Investing in web3

Over the last few years since 2021, we’ve seen a surge in the number of companies built in crypto — a majority of those funded companies raised capital at generous valuations. From an investor perspective, an exit into these companies largely comes from a token at some point with the rare possibility of an acquisition and even rare chance of an IPO. Looking at token generation events in the past, an investor getting in at the pre-seed/seed stage, made at least over 10x returns through their allocation as long as the project did decently well and made the right partnerships.

It’s clear that speculation is a utility, token can be the product and investing into the right tokens early can amount to significant long-term returns. In this post-ICO era, where more companies are launching tokens and an entire ecosystem of airdrop farmers working full time to get an allocation, it’s incredibly important to understand the lifecycle of a token launch, what gives them utility and how it sustains value long-term.

Before launching a token, it’s important to find product market fit, a clear direction for where the company is headed and plans for decentralisation. Most companies entirely skip this step and move on to inflating their numbers — acquiring users through quests, campaigns, partnerships (KOLs) and overall optics on social media channels. All of this amounts to potential partnerships with market makers (eg: GSR, DWF) that provide liquidity and exchanges (eg: Binance) that list the token. Finally, tokenomics and airdrops play a huge role in the launch—it affects community sentiment negatively especially when the core team and investors get a disproportionately high allocation in comparison. Planning the right allocation, time of unlock and airdrop to the right users is key to a successful token launch.
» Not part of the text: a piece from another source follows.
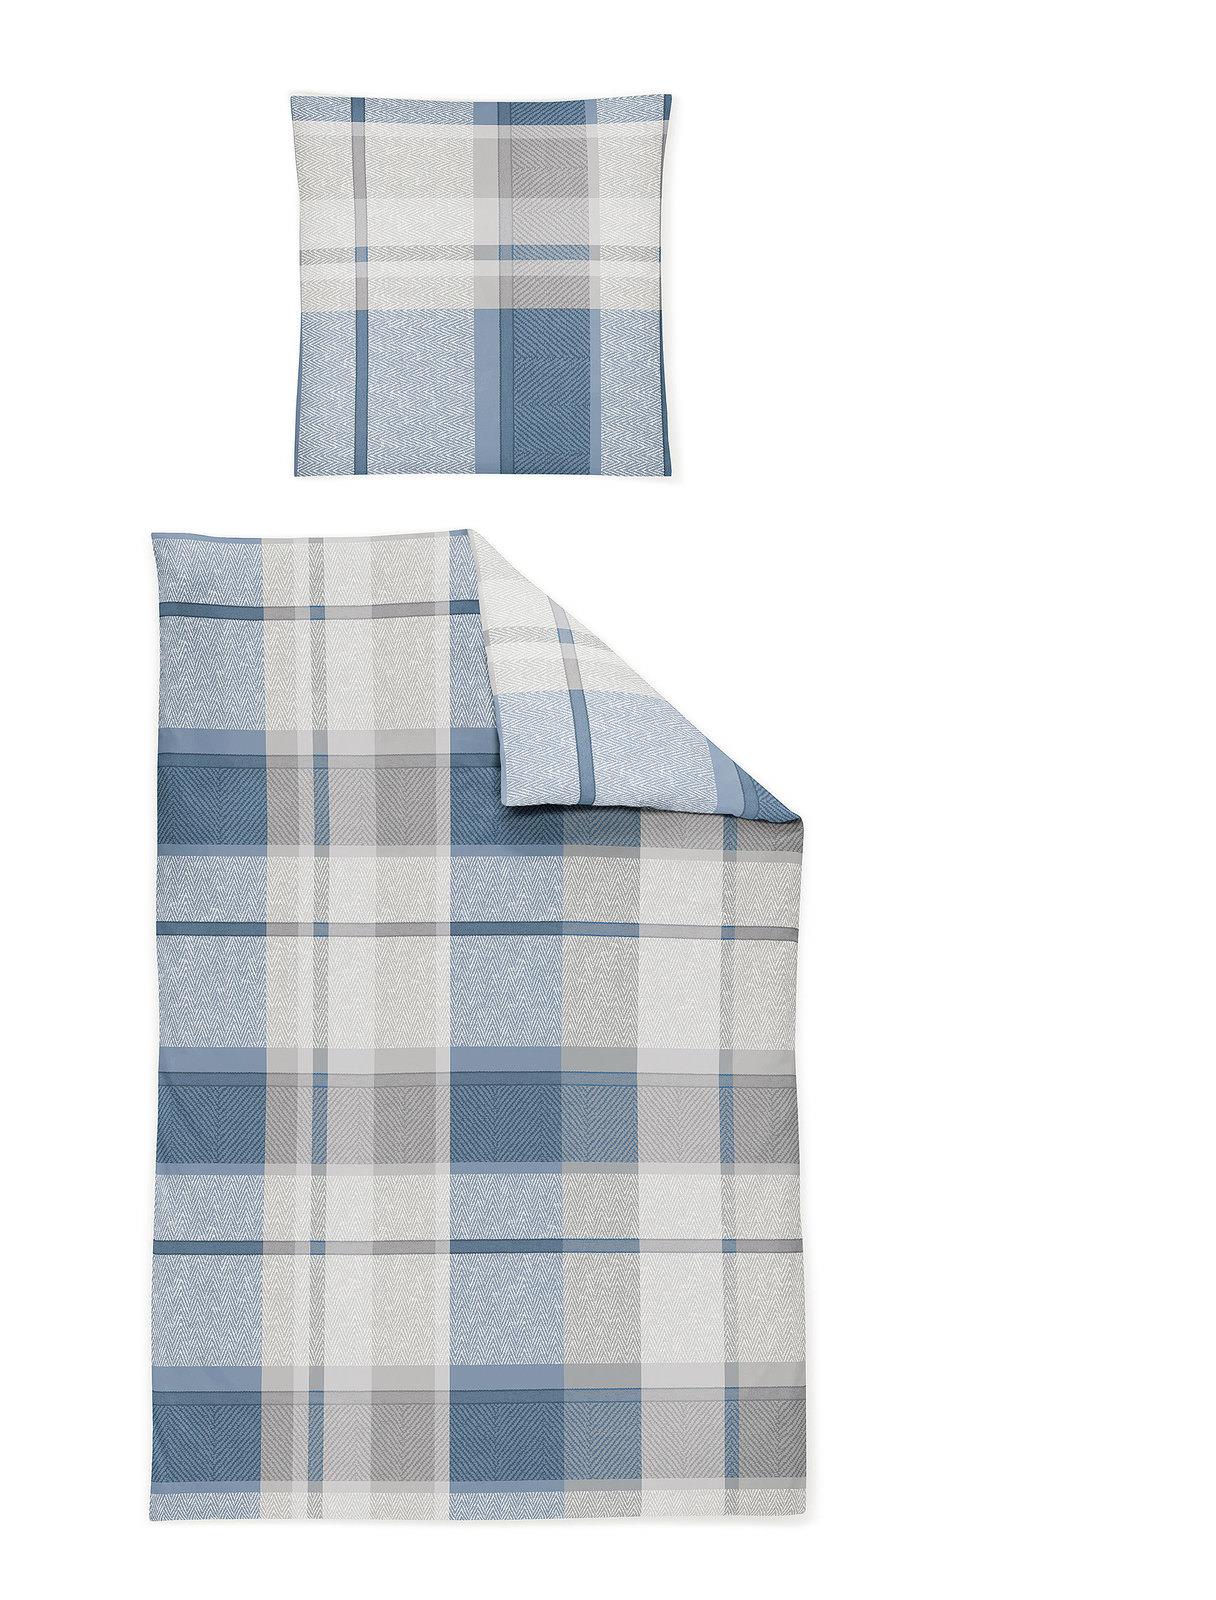 Irisette Soft Jersey Bettwäsche Blau Online Entdecken Knuffmann

Executing all of these is like running a whole another company and can be distracting but this is ultimately where everyone invested gets an exit. Considering that all of these steps leading up to the launch are executed well, there’s still a lot of luck and timing that matters which is difficult to control.

However, investing in the web3 ecosystem is still much better than investing in web2 for a number of reasons—getting an exit through an IPO is quite challenging in the current market since there’s no one trading the stock until the company becomes quite big, acquisitions on the other hand are scarce since buyers like Facebook aren’t making active investments and lastly. The only other option is through secondary sales or private equity. Crypto by nature is an open market (with certain geographical exceptions due to regulations) where retail investors can invest in tokens. Additionally, as an early ecosystem and a strong community of backers, web3 is a growing market for investors where there’s real innovation built from the ground up. There’s strong use-cases today that are uniquely enabled by blockchain, like decentralised compute and verifiable global identity which are exciting to me as an investor. Alternatively, culture is both financialized and propagated  in web3 through memecoins and scenecoins that enable users to invest in the next viral internet subculture. It’s thrilling to see net positive ways to make money on the new internet and invest in an open equitable economy.